If you are certain you will never need to go to a 3rd dog then just get the 2-dog today. Same models (100, 200, 500, Flyway etc.) after EXP is released as now.

They won't go to 4 dogs, just 3. Every "EXP" can go to 3 dogs. 

Rig


----------



## roxie (Oct 23, 2003)

In September (or thereabouts), Tri-tronics will release their new *G3* and *G2 EXP *(expandable) series collars.

The new G3's will come in three configurations....the *Sport Basic *(which will replace the current Sport 50 & 60 models); the *Sport Combo *(which will replace the current Sport 80M & 80C models); and the *Sport Upland *(which will replace the current Sport 65 BPR).

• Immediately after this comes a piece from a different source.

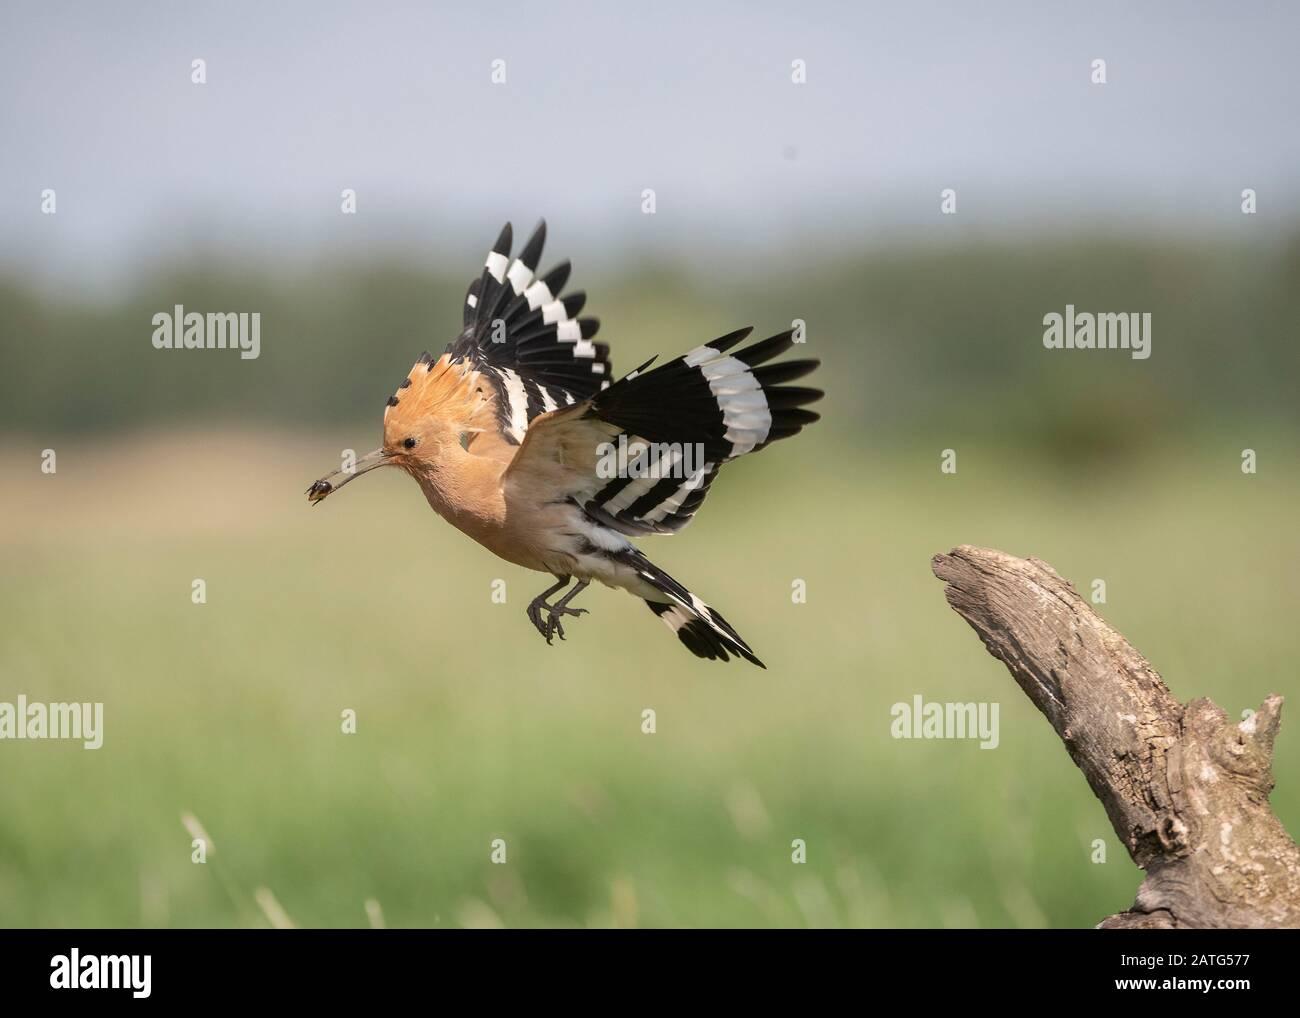 Hoopoe (Upupa epops), in flight with food in its bill, Hortobágy National Park, Hungary Stock Photo

The G3's will offer more features, including additional stimulation levels and the ability to control multiple dogs by simply purchasing additional receivers.

The new G2 EXP's will be available in all of the current Field and Pro units (the Field 70, Field 90, Uplander, Flyway Special, Trashbreaker, Pro 100, Pro 200 and Pro 500). The G2 EXP's will likewise have the ability to control multiple dogs with the purchase of additional receivers.

In regards to pricing, the new Sport series will retail for about $20 bucks less; while the new Field/Pro series will be about $20 bucks more.

Hope this helps.


----------



## roxie (Oct 23, 2003)

I've had several ask what the new collars will look like. The new G3's will be completely re-designed and will a resemble a Garmin handheld GPS (IMO). The new G2 EXP's will look just like the current G2's; however, they will have a toggle switch (much like the Pro 500's) that will be used to control the individual dogs.

Here is a picture of the new G3 Sport Combo....


----------



## FowlDogs (Dec 31, 2004)

Dang,

3 buttons?
3 dials?

That thing looks confusing to me and I'm a gadget geek.

I bet a lot of dogs receive the wrong correction with this thing.

Roger


----------